The period from 2019 to 2020 saw a rapid succession of pretrained models, each claiming state-of-the-art on various benchmarks. After XLNet came RoBERTa, ALBERT, ELECTRA, DeBERTa, and others. The community gradually converged on the view that training methodology (data, batch size, training duration, hyperparameter tuning) mattered as much as or more than architectural innovations. Models that achieved strong performance with simpler architectures tended to see wider adoption.
Meanwhile, the decoder-only GPT paradigm continued to scale. GPT-3, released in 2020 with 175 billion parameters, showed that very large autoregressive models could perform remarkably well on a wide range of tasks through in-context learning, without any fine-tuning at all. This shift toward very large generative models further reduced interest in encoder-only models like XLNet for new research, though encoder models remain widely used in production for classification, retrieval, and extraction tasks.

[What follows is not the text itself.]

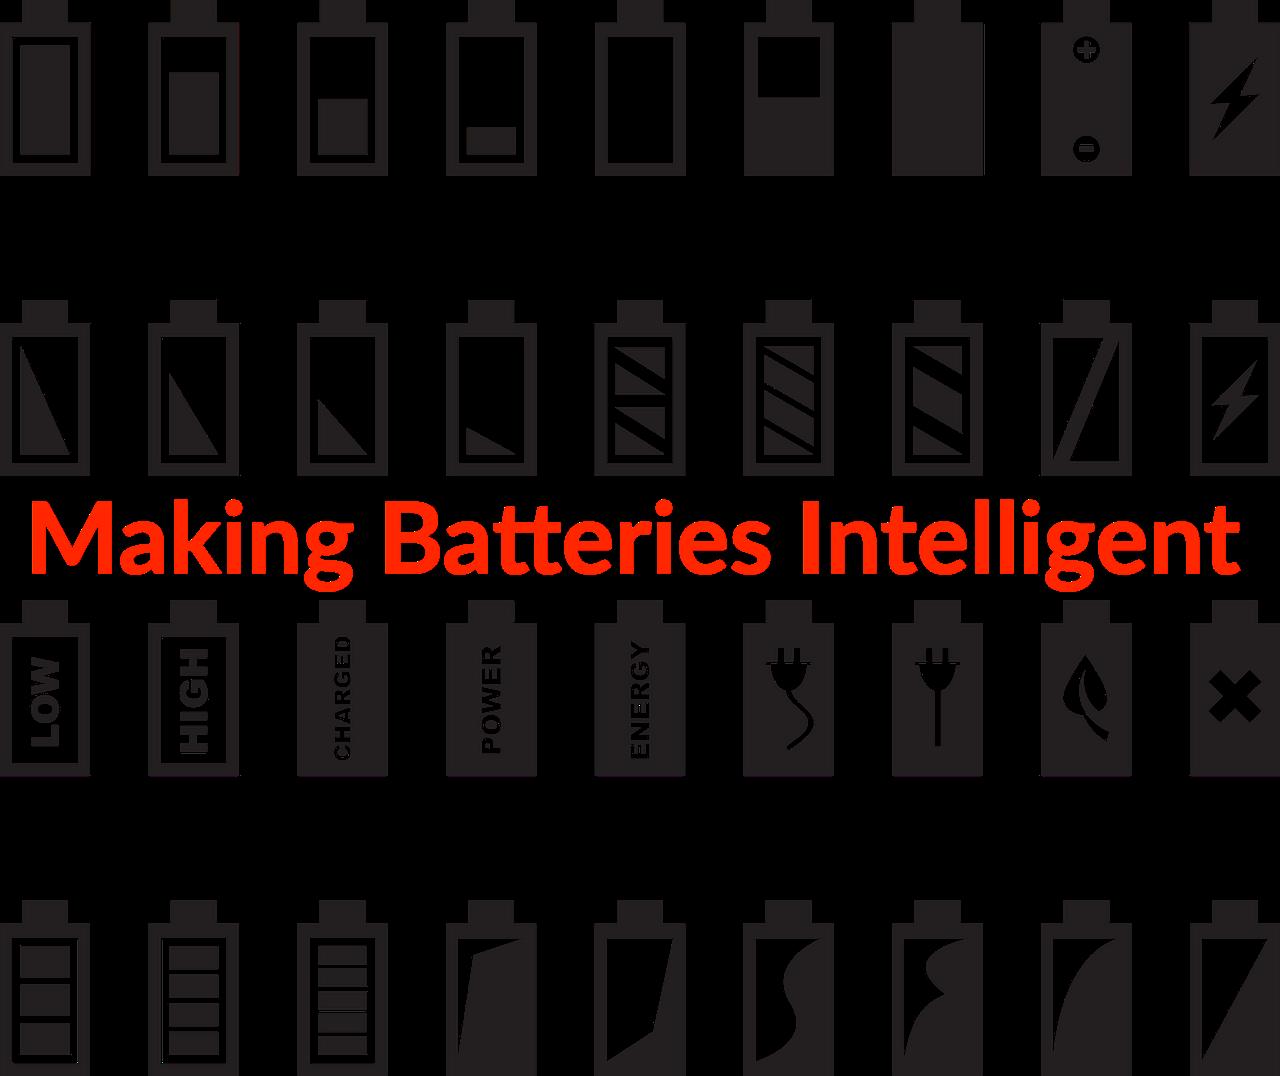 Making Batteries Intelligent

XLNet's original implementation in TensorFlow was released on GitHub at github.com/zihangdai/xlnet under the Apache 2.0 license. The model is also available through the Hugging Face Transformers library in PyTorch and TensorFlow under identifiers such as xlnet-base-cased and xlnet-large-cased. Both the pretrained weights and the fine-tuning scripts are publicly available.
Fine-tuning XLNet-Large requires significant GPU memory. On a single 16GB GPU, XLNet-Large with a sequence length of 512 can only fit a batch size of 1, while XLNet-Base with the same sequence length supports a batch size of 8. For practical fine-tuning, gradient accumulation or multi-GPU setups are typically needed.
XLNet's contributions extend beyond its benchmark scores. The permutation language modeling idea demonstrated that there were viable alternatives to masked language modeling for bidirectional pretraining. The theoretical analysis of BERT's pretrain-finetune discrepancy and independence assumption became standard reference points in the NLP literature. The integration of Transformer-XL's segment recurrence into pretraining influenced subsequent work on long-context models.
The XLNet paper has been cited thousands of times and remains required reading in NLP courses and research groups. While the model itself has been largely superseded by later architectures for new projects, its ideas continue to inform the design of modern language models.